Президент Каменного острова - Страница 25


К оглавлению

25

Солнце медленно поднялось над лесом. Пять часов. Мы встали с Гариком в четыре. Ждем Федьку Гриба. А он что-то не спешит. Или спит без задних ног, или один уплыл. Пожалел показать нам заветные лещовые места.

Несколько раз подряд плеснуло у самого берега. Я даже успел заметить, как чиркнули по воде красноватые плавники. Окунь малька догоняет.

— Закинем? — предложил я.

И тут из-за осоки показался черный нос Федькиной лодки.

— Я в людях редко ошибаюсь, — сказал Гарик, повеселев.

Гриб спрыгнул с лодки, за руку поздоровался с нами. Сначала с Гариком, потом со мной. К штанам присохла сизая рыбья чешуя. Гриб выглядел заправским рыбаком.

— Проспал? — спросил Гарик.

— Это вы, городские, долго дрыхнете, — сказал Гриб. — А мы народ привычный… На рыбалке я могу два дня не есть, не пить и две ночи не спать. А может, и больше смогу. Не пробовал.

— Говорил, будешь на месте, когда солнце взойдет… — сказал я.

Гриб даже не посмотрел в мою сторону. Он взял банку с червями, заглянул туда и небрежно отложил в сторону.

— Квелые, — сказал он.

— Чего мы ждем? — спросил Гарик.

— Не знаю, — сказал я.

— Хотите лещей? — спросил Федя.

— Шутник, — усмехнулся Гарик.

— Уговор — во всем слушаться меня, — сказал Федя. — Тогда будут лещи… Я вам нынче покажу настоящую рыбалку!

— Чего же мы стоим? — воскликнул Гарик.

— По коням! — скомандовал Гриб.

Мы забрались в лодку и поплыли. Греб Гарик. Гриб сидел на корме и командовал:

— Левее, еще чуток… Так держать! Теперя правым греби. Вот так. Не маши веслами-то… Не видишь, одно поперек стало?

Я удивлялся Гарику. Он беспрекословно подчинялся Федьке. Это на него не похоже. Гарик сам любит командовать. Видно, очень уж захотелось ему поймать двухкилограммового леща и похвастаться перед Аленкой. Я еще ни разу леща не поймал. Подлещики были, а лещи почему-то стороной обходили мой крючок. Лещ — рыба осторожная, и ее на дурака не возьмешь.

Я предложил Гарику сменить его, но он не отдал весла.
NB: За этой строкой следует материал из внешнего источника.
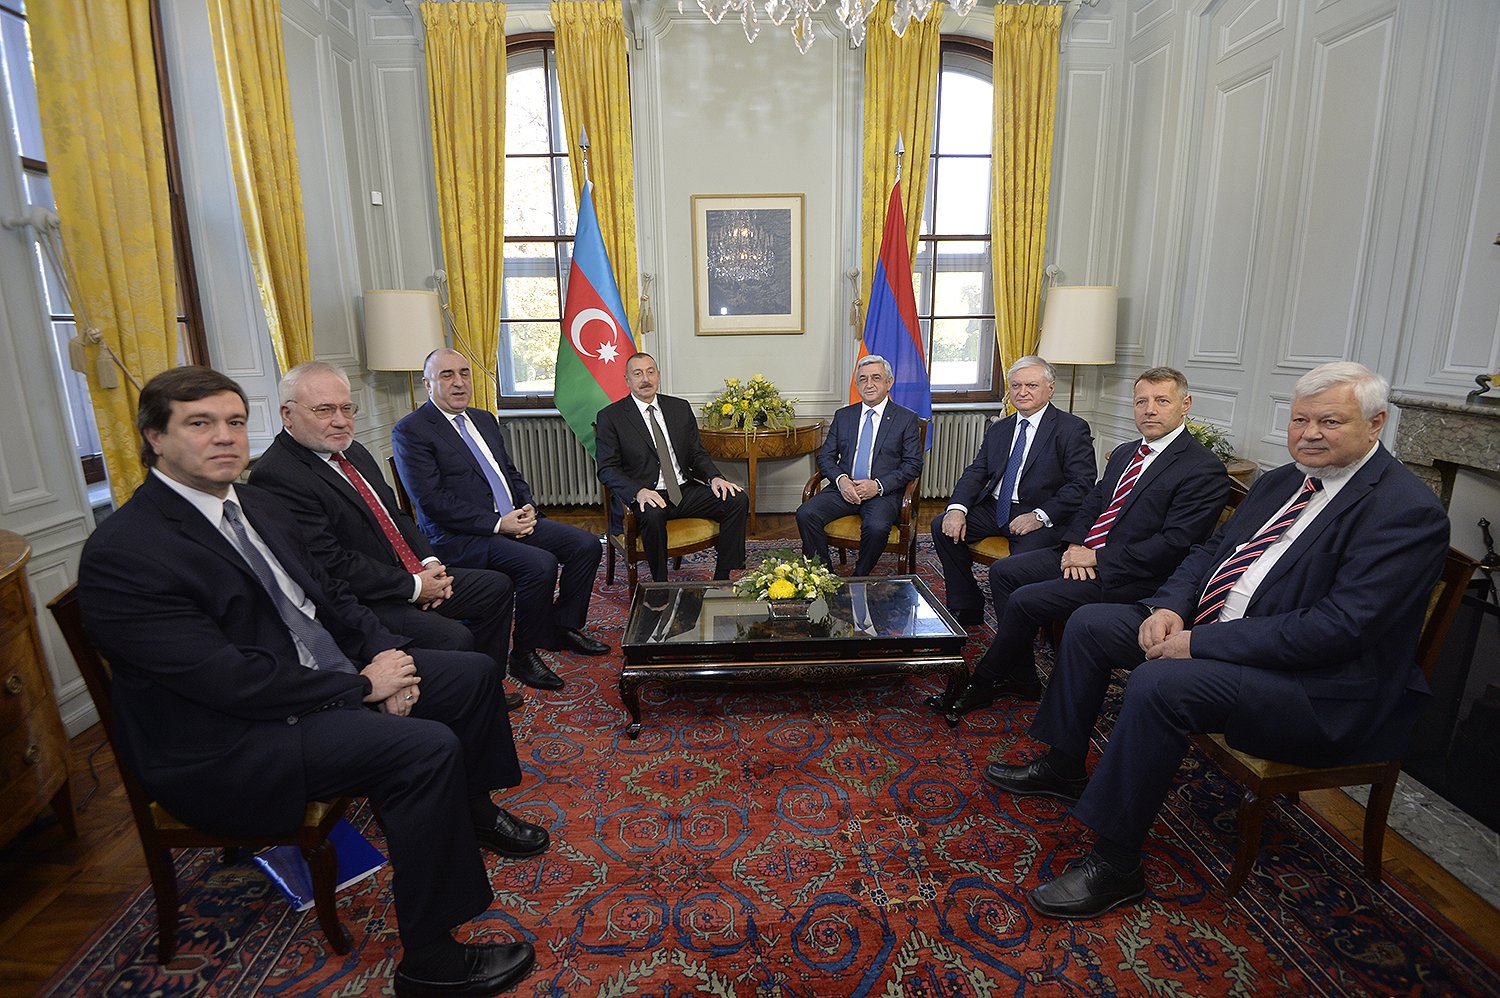 Tête-à-tête meeting between Armenia’s and Azerbaijan’s presidents started

Мы плыли и плыли, а конца нашему пути все не видно.

Остров остался позади. Солнце ярко освещало его. Блестели зеленые иглы на соснах и елях. Блестел желтый песок. Взглянув на остров, Гарик нахмурился. Пролетели две большие утки.
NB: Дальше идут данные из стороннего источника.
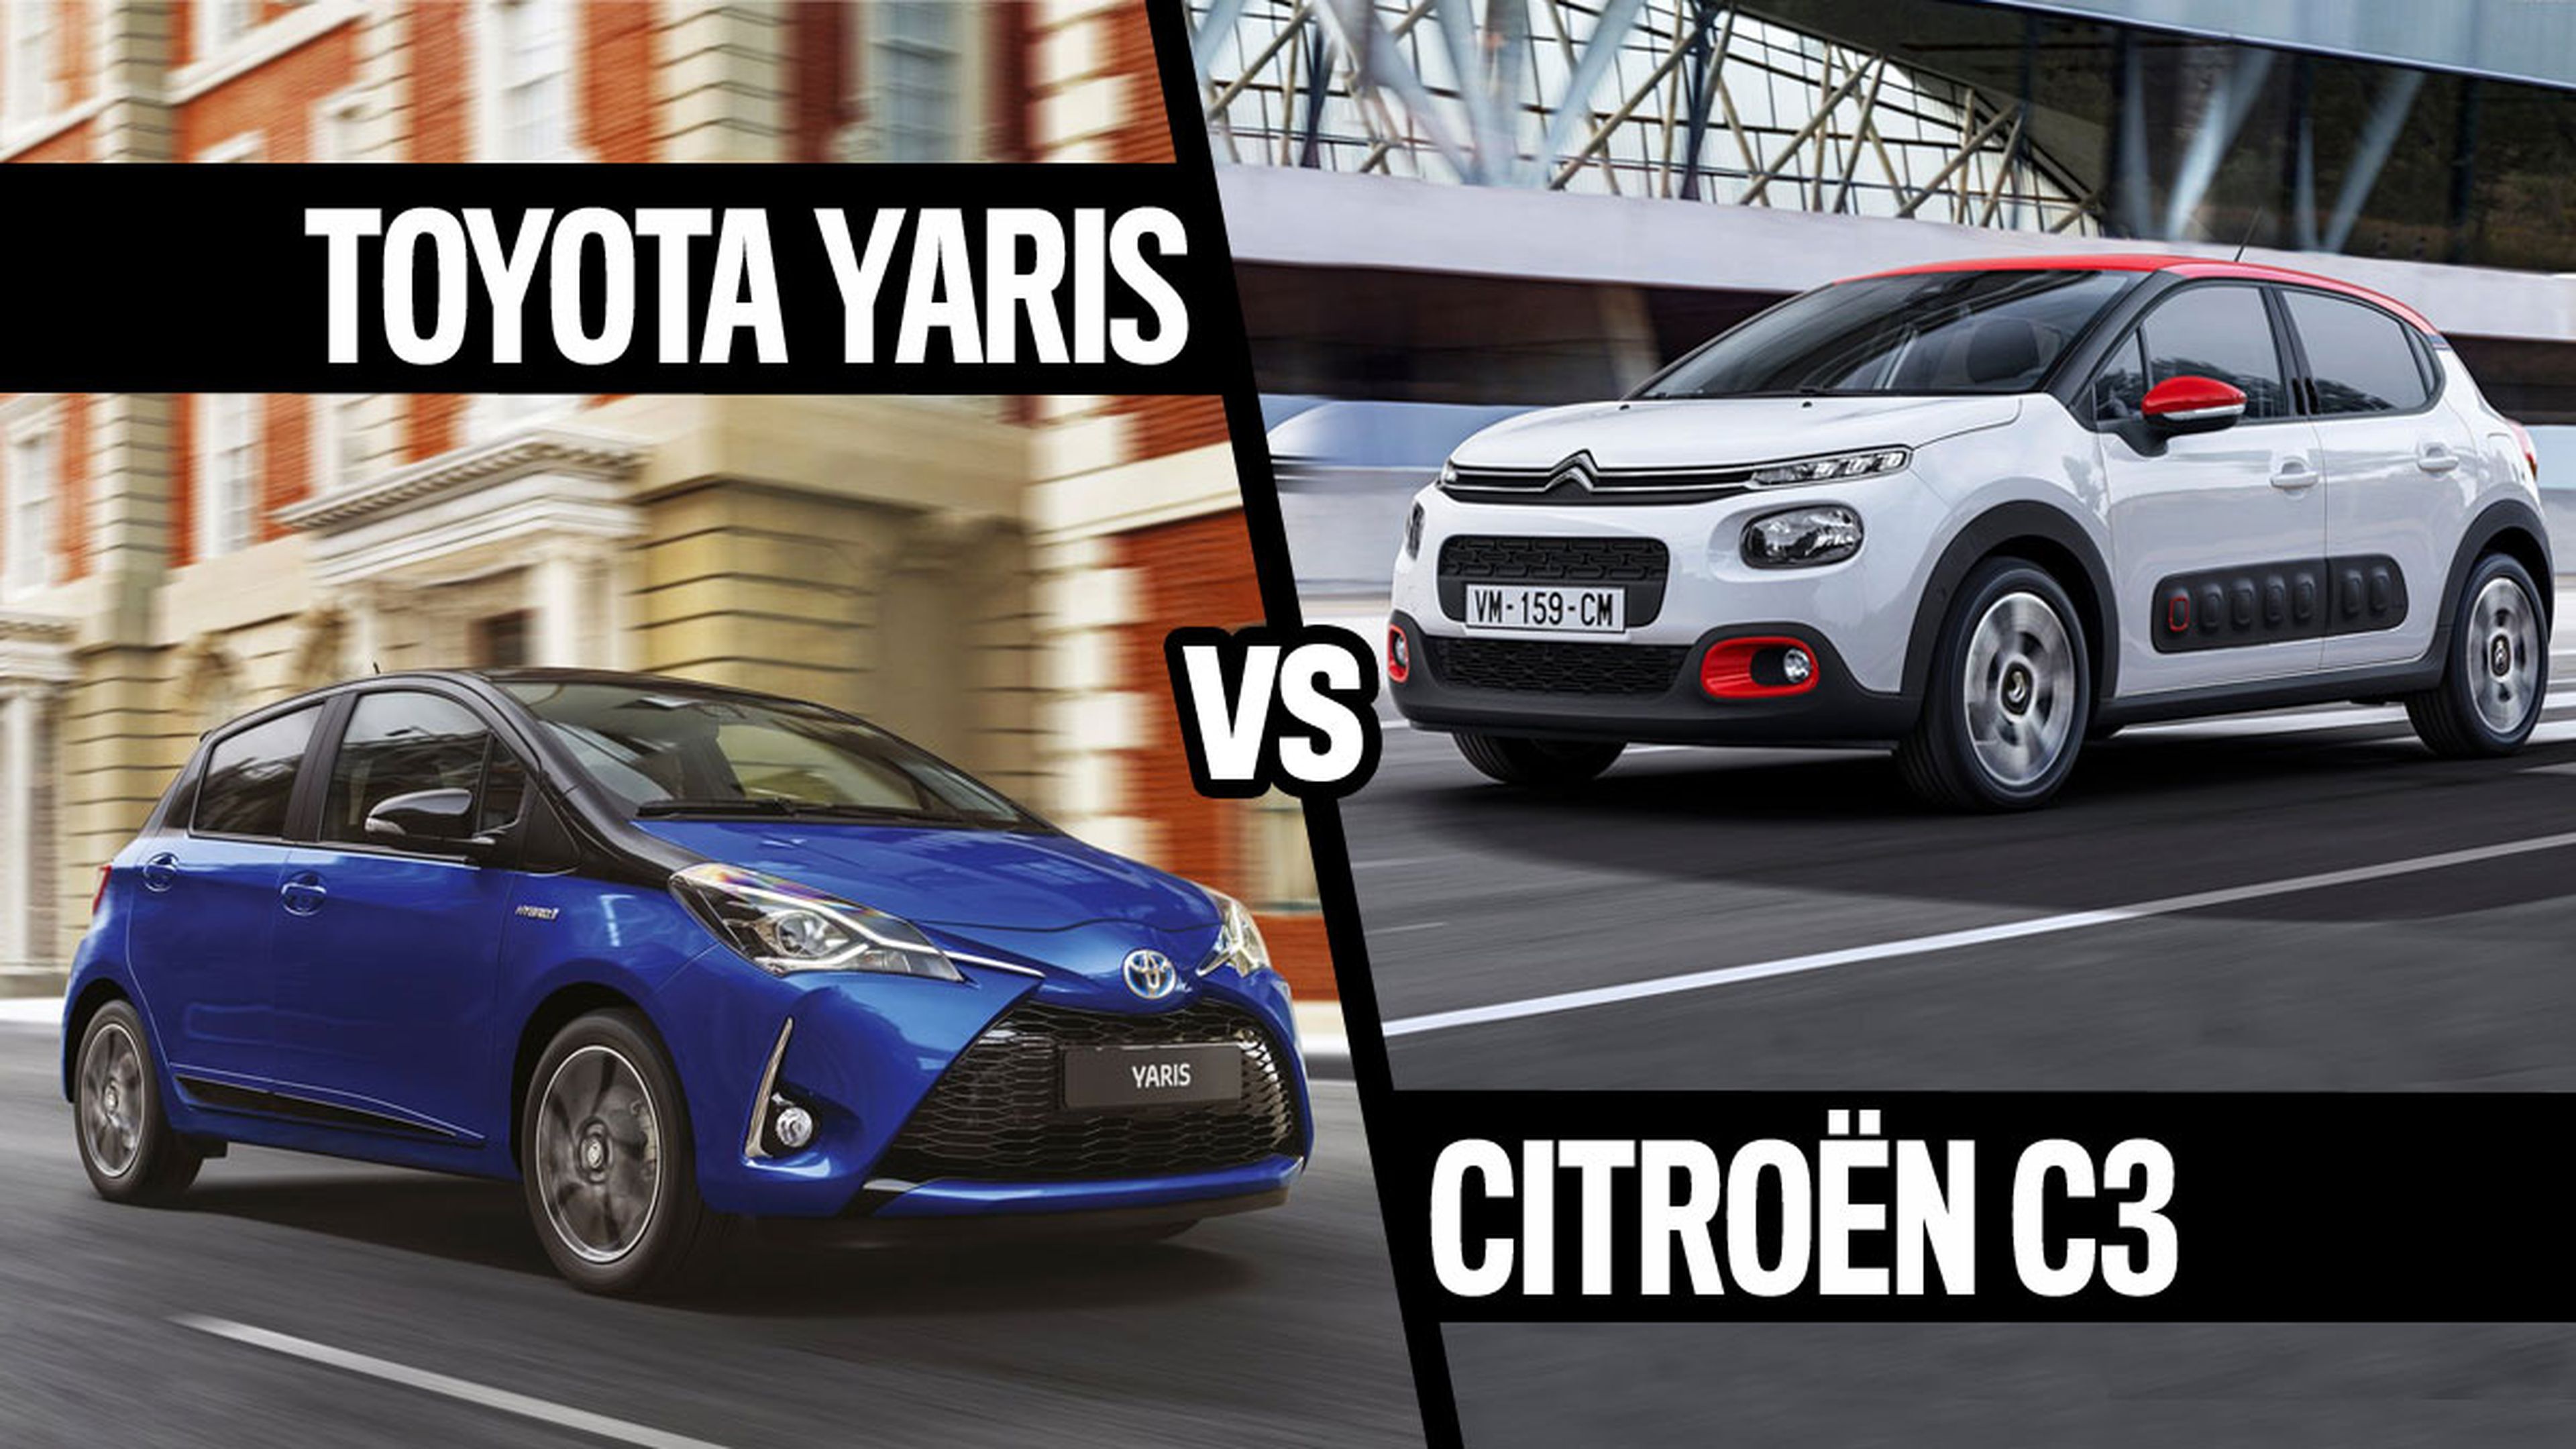 Toyota Yaris vs Citroën C3

— Какую крякушку позавчера шлепнул! — похвастался Федя.

— Охота запрещена, — сказал я.

— Для кого запрещена, а для меня нет… Я на этом озере родился и вырос, кто мне запретит?

— Поймают…

— Еще тот на свет не родился, кто пымает Федьку Губина, — с бахвальством произнес Гриб.
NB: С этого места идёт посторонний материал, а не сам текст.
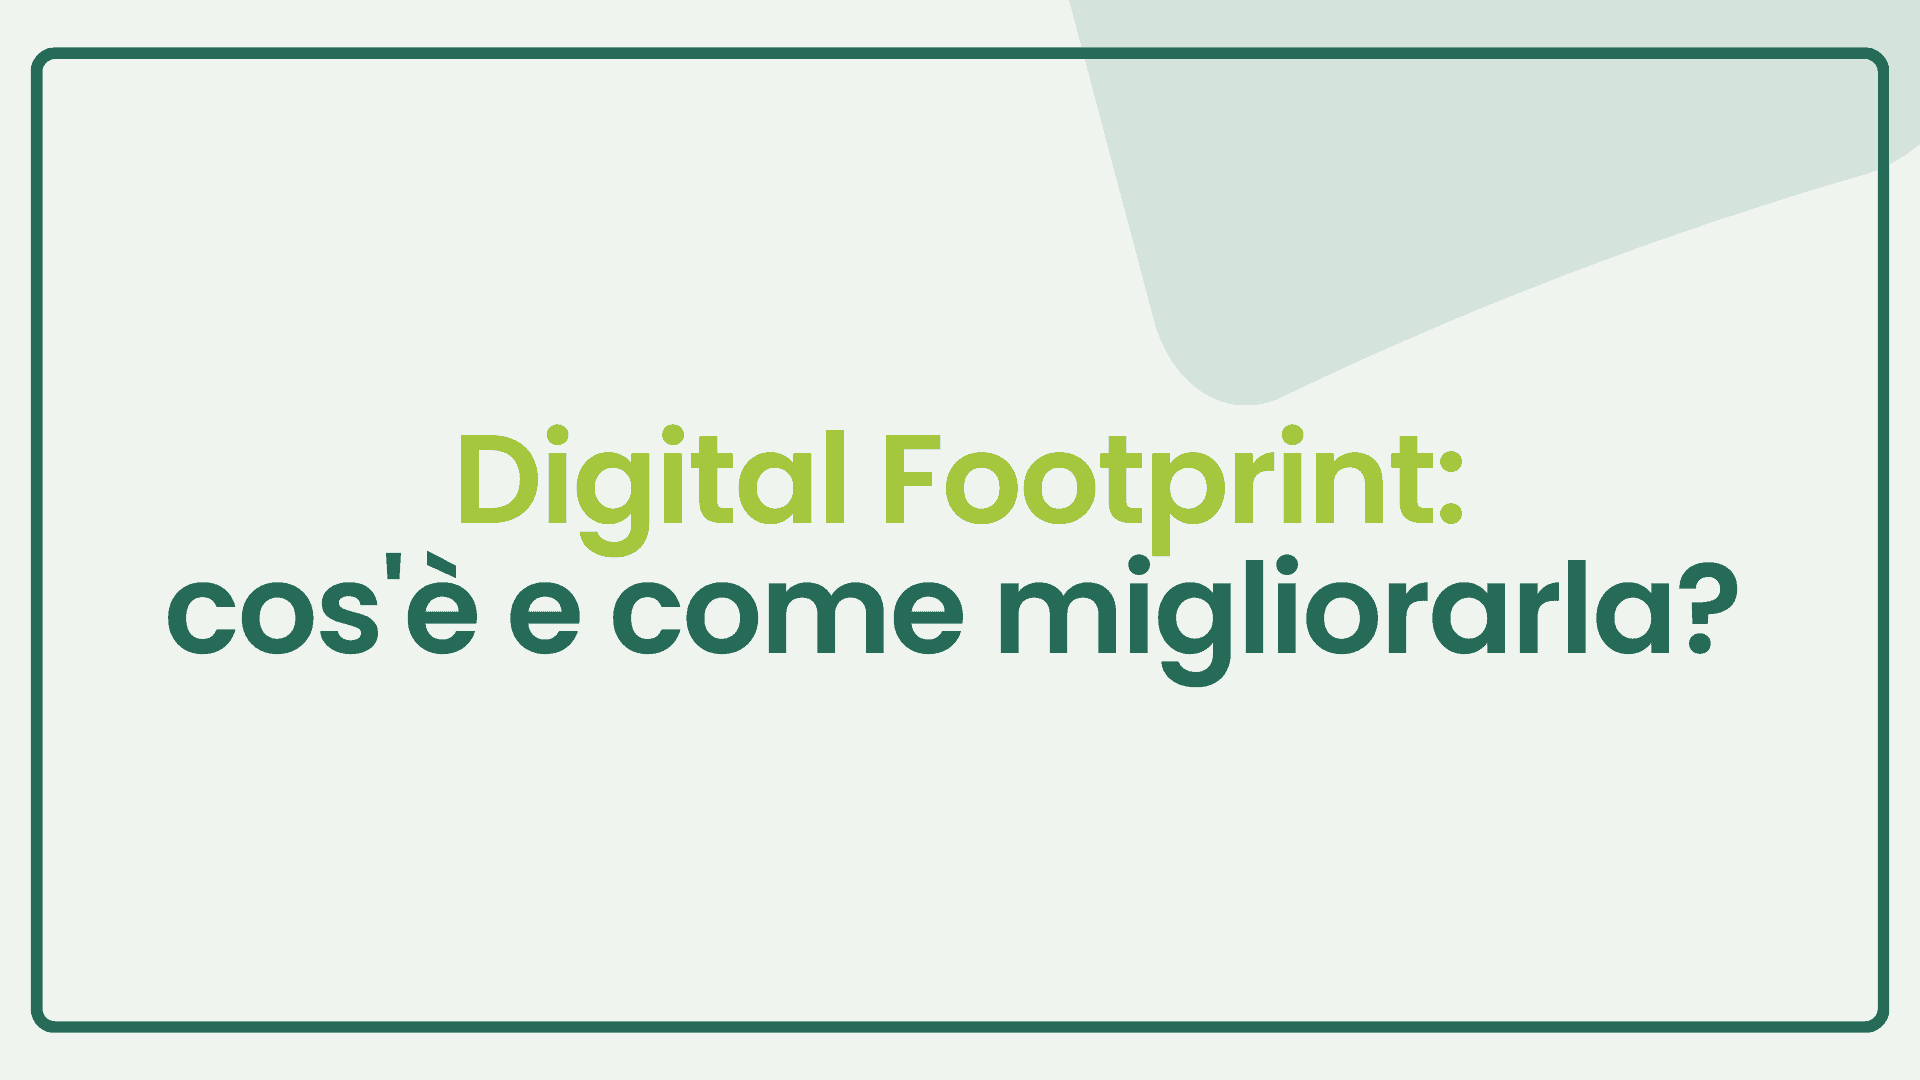 Digital footprint: cos'è e come migliorarla?

— Где ты достал такую замечательную кепку? — спросил я.

— Нравится?

— Еще бы!

— Один человек подарил… Питерский. Приезжал сюда рыбалить. Я ему одно такое место показал.

— Мы туда едем? — спросил Гарик.

— Тот, питерский, взял там за полдня пятнадцать килограммов. Лещи и окуни. И рыба одна к другой. Крупная! Ну, он и подарил мне эту кепку. Носи, говорит, Федя, с гордостью, ты заслужил ее. Так и сказал. Я, мальцы, думаю, это знаменитая кепка. У нас в деревне ни у кого такой нет. Сам председатель сельсовета интересовался, где я такую откопал. Видно, понравилась ему.

— Редкая фуражечка, — сказал я. — Олег Попов и тот бы позавидовал.

— А кто это?

— Великий человек, — сказал я. — Верно, Гарик?

— Попов? Известная личность, — подтвердил Гарик.

— Этот тоже, видать, шишка… На собственном «Москвиче» приезжал.

Остров заслонил наш дом, а мы все плыли. У Гарика на лбу выступил пот. Гриб спрятался под своей знаменитой кепкой и дремал. Озеро раскинулось перед нами на много километров. В одном месте оно суживалось. Когда мы вошли в горловину, Федька открыл один глаз и сказал:

— Якорь!

Я поднял со дна рогатую тележную ось и бросил за борт.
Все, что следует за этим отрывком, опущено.